Her house could have fallen through it and not hit the walls. That’s how big the hole was.
She walked around the cave, and then froze when her shoe landed on something squishy.
With a disgusted ew on her face, she pulled back and wiped the bottom of her shoe on the ground.
Seeing now that there were weird stuff, she chose to fly and hovered over the hole.
She frowned as she stared deep into it.
The hole was very deep. So deep, in fact, that despite shining her flashlight directly into it, she couldn’t see the bottom.
What was Manus keeping here? It didn’t smell at all, so it couldn’t be the sewer.
She slowly lowered herself down the hole.
Down and down and down…
“It goes on fucking forever,” she muttered to herself.
And then it stopped.
She gently hit the bottom of the hole, and looked up.
Yeah, she couldn’t see the room she came from.
Instead of going back up, she looked around.
And then …
“Is that a door?” she said out loud in utter shock at what appeared to be a normal cheap metal door and doorframe on one side of the cave wall.
Curiosity gnawed at her, and she couldn’t help herself.
She floated over to the door, grabbed the clean handle, turned, and pulled the door open slowly.
It was dark on the other side, and so she turned on her flashlight… and still saw nothing except for the ground.
Frowning, she walked in and then jolted when the door closed behind her.
And then her eyes widened in irritation when she saw that this side of the door didn’t have any handle!
“What the f-?”
“Oh. Another person.”
She whirled around and wildly flashed her flashlight about until …
“... Oh,” she muttered quietly as she stared at the giant pile of squirming tentacles that looked awfully familiar.
“Hello, Miss Dallon. Why are you down here?”
“Manus?!” she hissed out.
“Congratulations on finding my real body, Miss Dallon,” he hummed. “Again, why are you here? I swear I locked the doors this time.”
She flushed as she remembered a door she might have broken the locks of.
“There was no locked door,” she lied.
“No, I’m sure-. Miss Dallon, did you destroy Door 32GB?” Manus rumbled from the large pile of tentacles that was rapidly changing shape sa they flicked about. “My smaller body is looking right at the remains of the door’s locks.”
She felt cold sweat run down her back. “No-?”
“... Victoria, no one else on this base is a Brute strong enough to push the door so hard that the locks break off the doorframe.”
She blushed.
“It was a mistake, okay?!”
He chuckled.
“A brute force mistake, huh?” he chuckled.

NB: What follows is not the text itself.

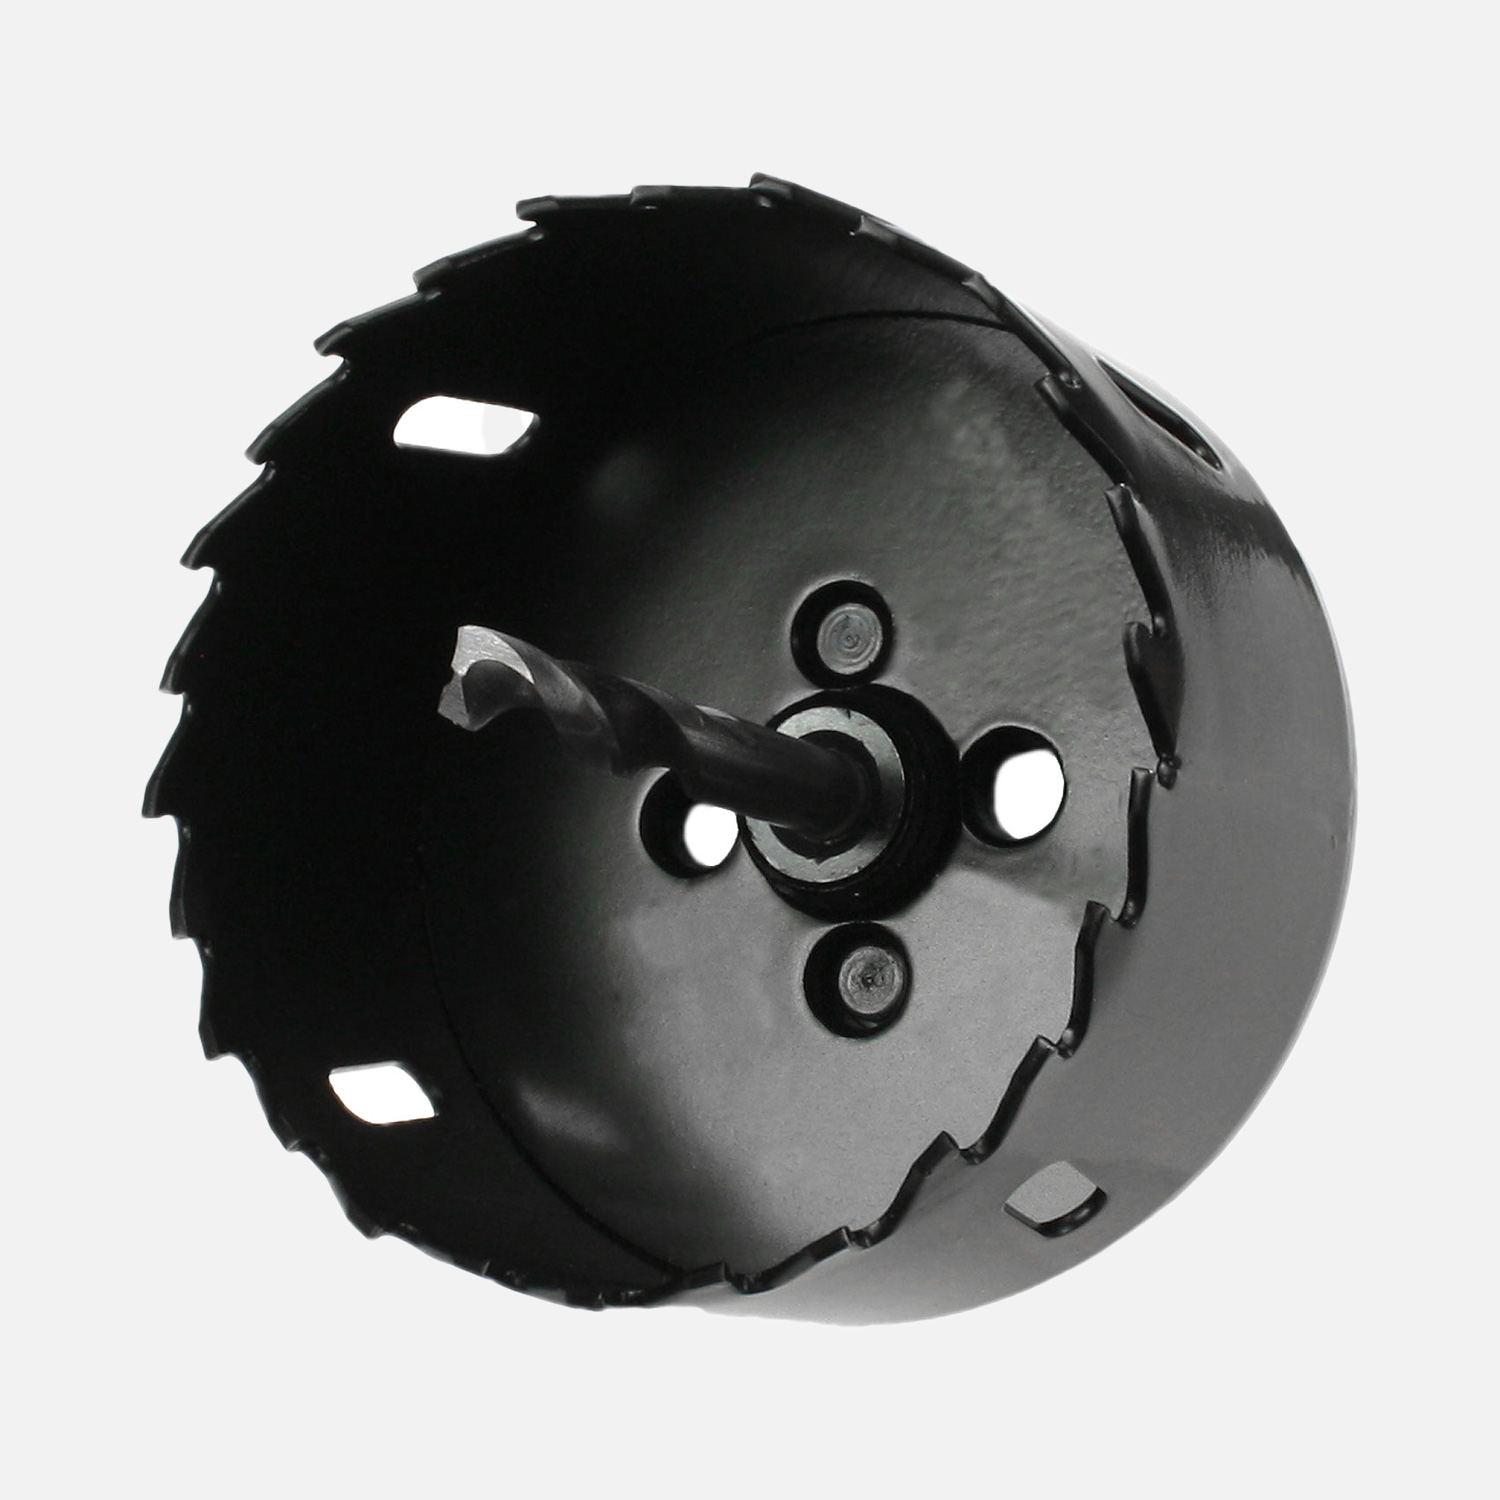 1 MPS Lochsäge - 41 mm Ø - Hartmetall - für Gipskarton & Holz geeignet

She glared at him… but she wasn’t sure where his eyes were.
“Where are your eyes, anyway?”
“My body’s not as consistent as yours. It can be everywhere and anywhere.”
She rolled her eyes. “Fine.”
“Would you like to go back up? I do have a elevator over there,” he said and one of the tentacles slithered out and pointed towards the other side of the cave.
“... Yes, please. I don’t think I’ll make it in time for lunch otherwise.”
He chuckled.
“So this is your main body or something?” she asked as she walked around the edge of the room.
“Yes. Moving this body is such a hassle, you know? It weighs around fifty tons.”
She did a spitake.
“50 tons?!” she yelled hoarsely as she stopped and looked at him. “You’re barely bigger than a semi-truck!”
“This is actually the top third of my body. I’m digging more tunnels.”
She blinked.
“Wait, you dug all of the bunker, didn’t you?”
“I did.”
“... Damn, so that’s why there was no concrete, huh?”
His entire body - and all of the tentacles - chortled. “Yes. I was surprised you pointed that out. It is why the bunker is so irregular. I broke through all of the weak points so that only the strong supports remained behind.”
She hummed as she started making her way again.
“So two bodies, huh? What’s that like?”
“Double vision is a thing.”
She reached the door and hesitated to leave immediately.
“What’s wrong?” he asked.
“Just … aren’t you lonely down here?”
“A little,” he hummed.
Again, why wasn’t she leaving?
“... What do you do here anyway? It’s not like you can watch TV. Not that there’s any good channels these days. The meteors took most of the broadcasters down.”
“Life is boring,” he laughed, and she found herself floating in the air as she started talking with him.
He wasn’t a bad guy. Just a little creepy.